Dorsal column myelopathy following intrathecal chemotherapy for acute lymphoblastic leukemia

Review

Dorsal column myelopathy following intrathecal chemotherapy for acute lymphoblastic leukemia

Prathap Jacob Joseph et al. J Spinal Cord Med. 2014 Jan.

Abstract

OBJECTIVE/CONTEXT: To describe a distinctive clinical and radiographic pattern of myelopathy following intrathecal chemotherapy. Myelopathy is a rare complication of intrathecal chemotherapy used in the treatment of acute lymphoblastic leukemia (ALL). We present a 42-year-old female with T-cell ALL who developed a myelopathy primarily involving the dorsal columns.

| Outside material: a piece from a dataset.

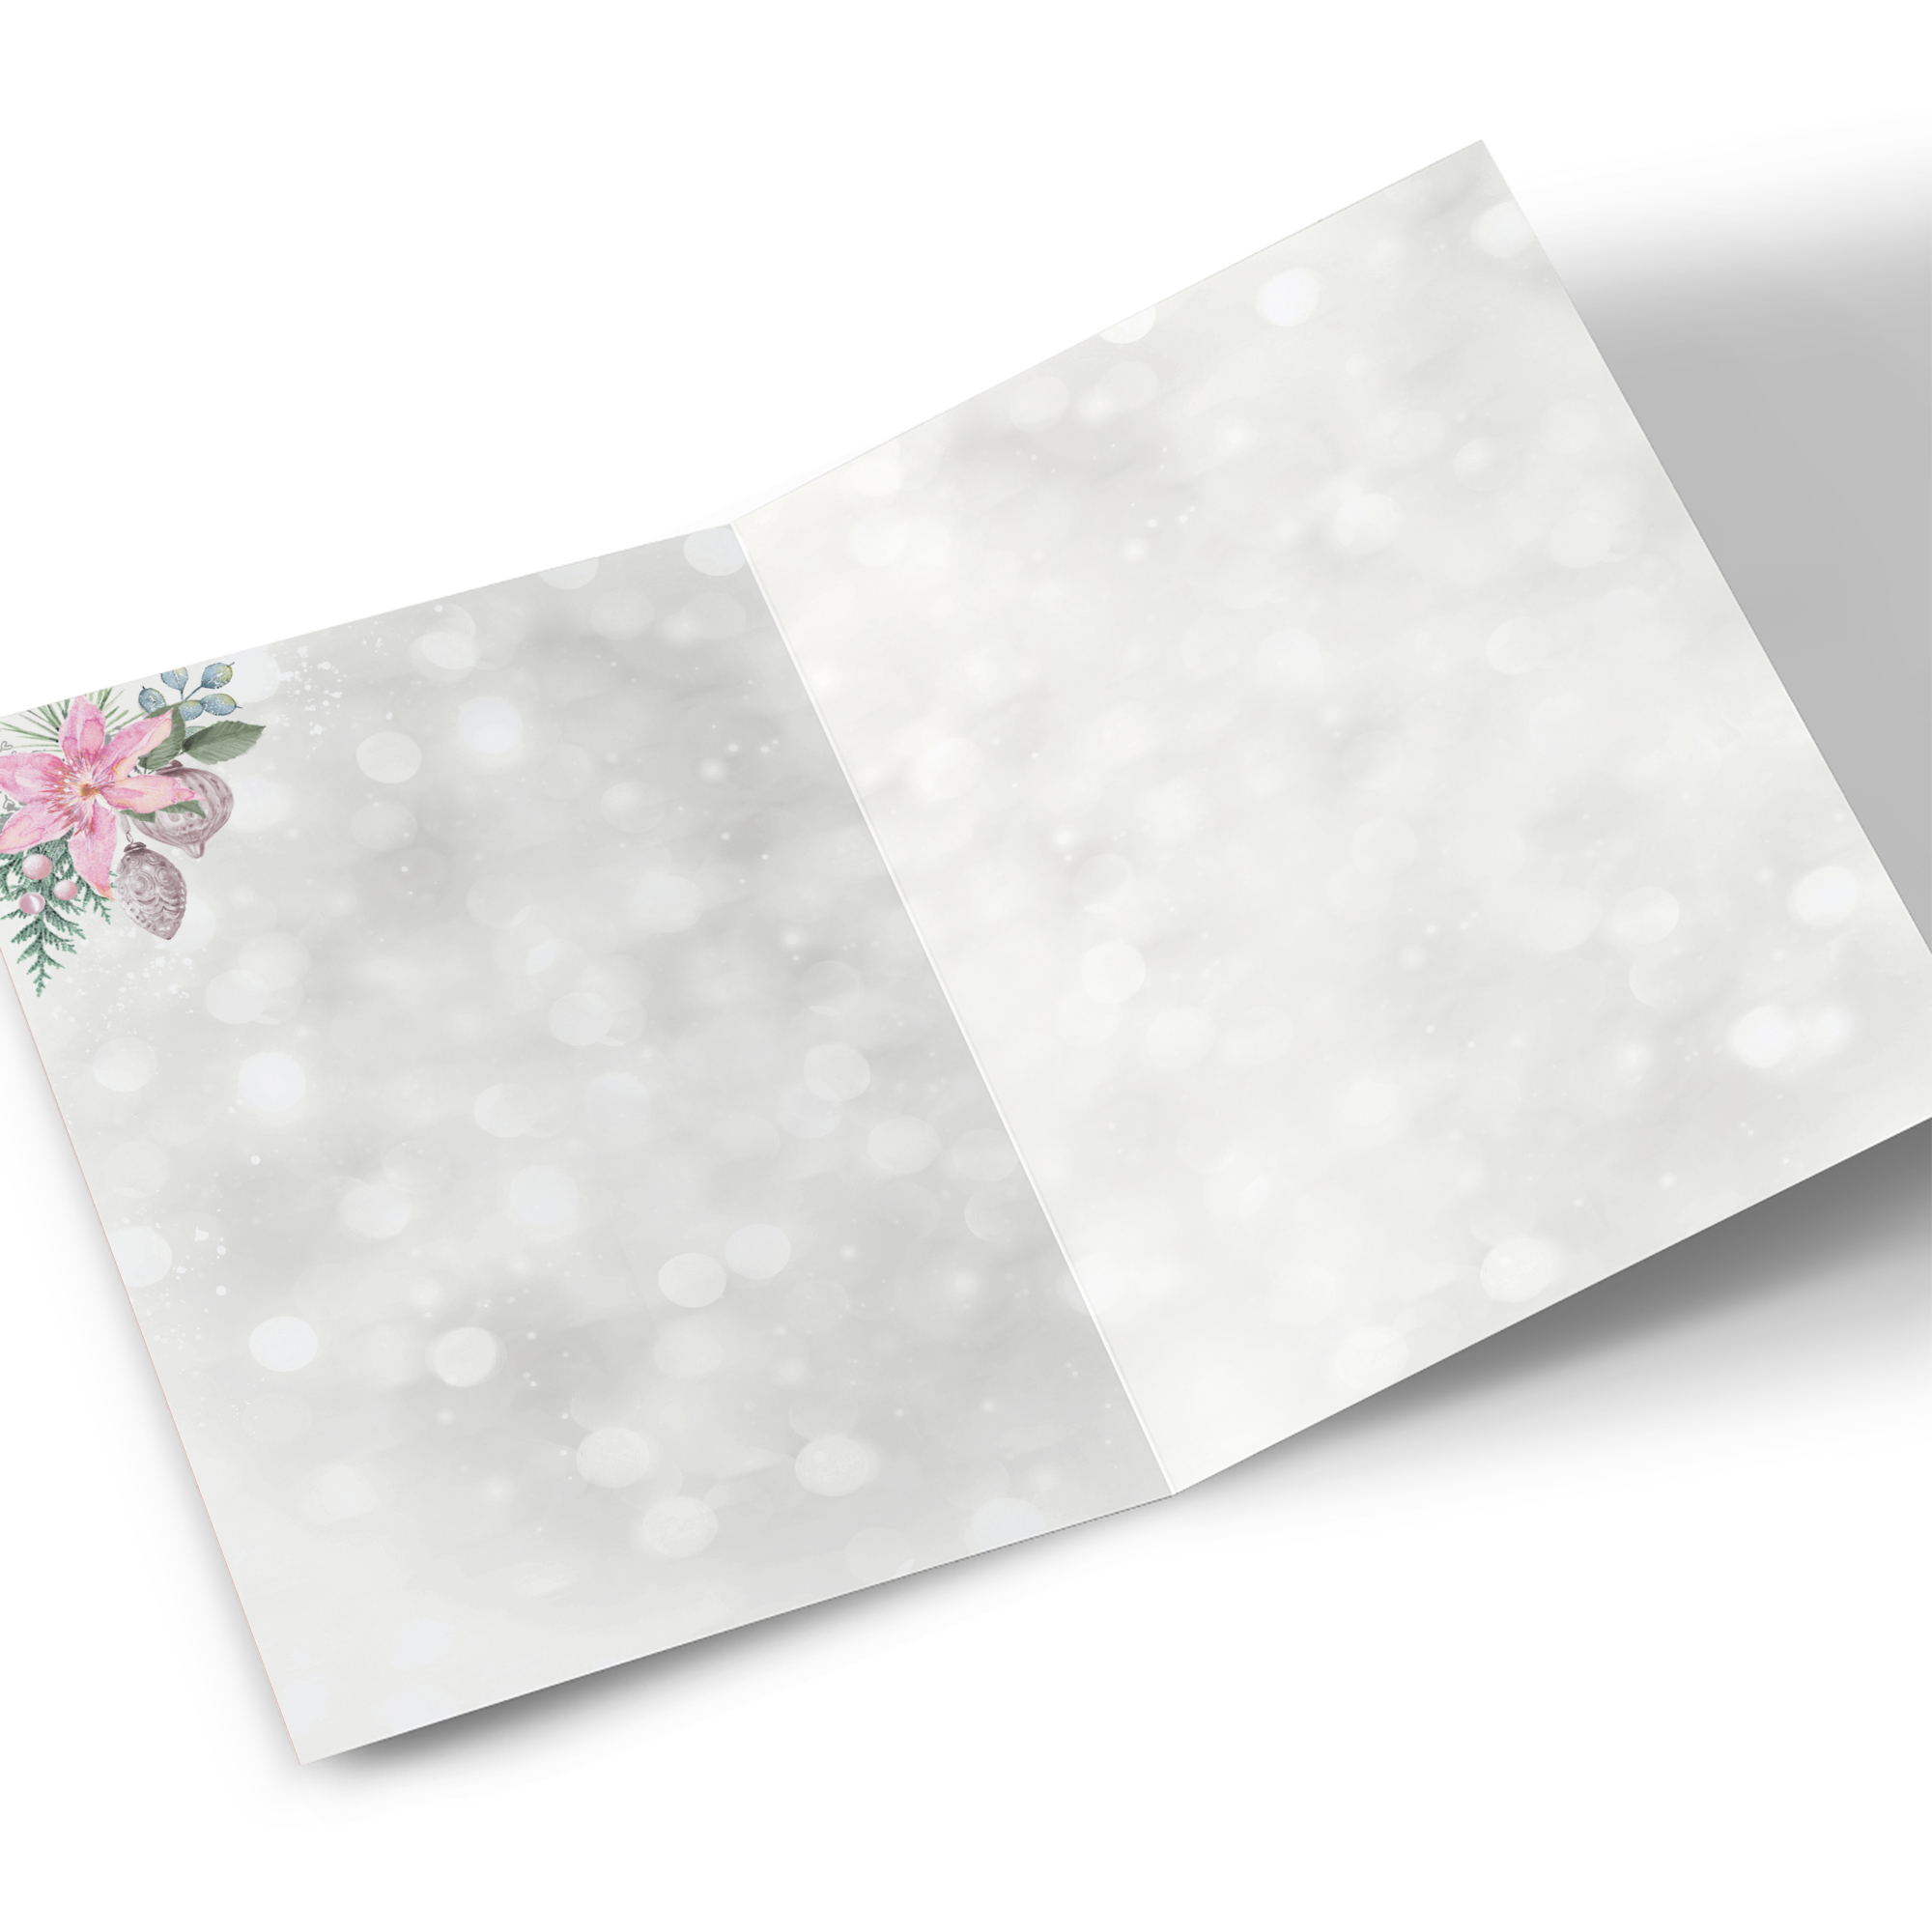 Personalised Christmas Card - Wonderful Wife, Grey, Pink Flowers

Method: Case report and literature review.

Findings: Within 24 hours of an injection of intrathecal methotrexate, cytarabine, and hydrocortisone, the patient developed ascending lower limb numbness and balance difficulties progressing to the inability to ambulate. Clinical examination showed profound loss of lower limb proprioception and light touch sensation below T5, mild proximal limb weakness, but preserved pinprick and temperature sensation with intact bowel and bladder function. Initial thoracic and lumbar spine magnetic resonance imaging (MRI) at 1 week revealed no abnormalities. However, repeat imaging at 6 weeks showed abnormal signal in the posterior cord with sparing of the anterior and lateral columns, diffusely involving the lower cervical cord through the conus medullaris. Dermatomal somatosensory-evoked potential (DSEP) conduction abnormalities were consistent with thoracic myelopathy. An empiric trial of high-dose intravenous corticosteroids during inpatient rehabilitation more than 6 weeks later produced no significant clinical improvement.

Conclusion/clinical relevance: Preferential and persistent dorsal column myelopathy is a distinctive clinical and radiographic presentation of a rare complication of intrathecal chemotherapy. The MRI abnormalities were initially absent, but evolved to consist of multi-level spinal cord T2 and STIR hyperintensity with regional gadolinium enhancement. DSEPs more accurately reflected the clinical level of spinal cord dysfunction.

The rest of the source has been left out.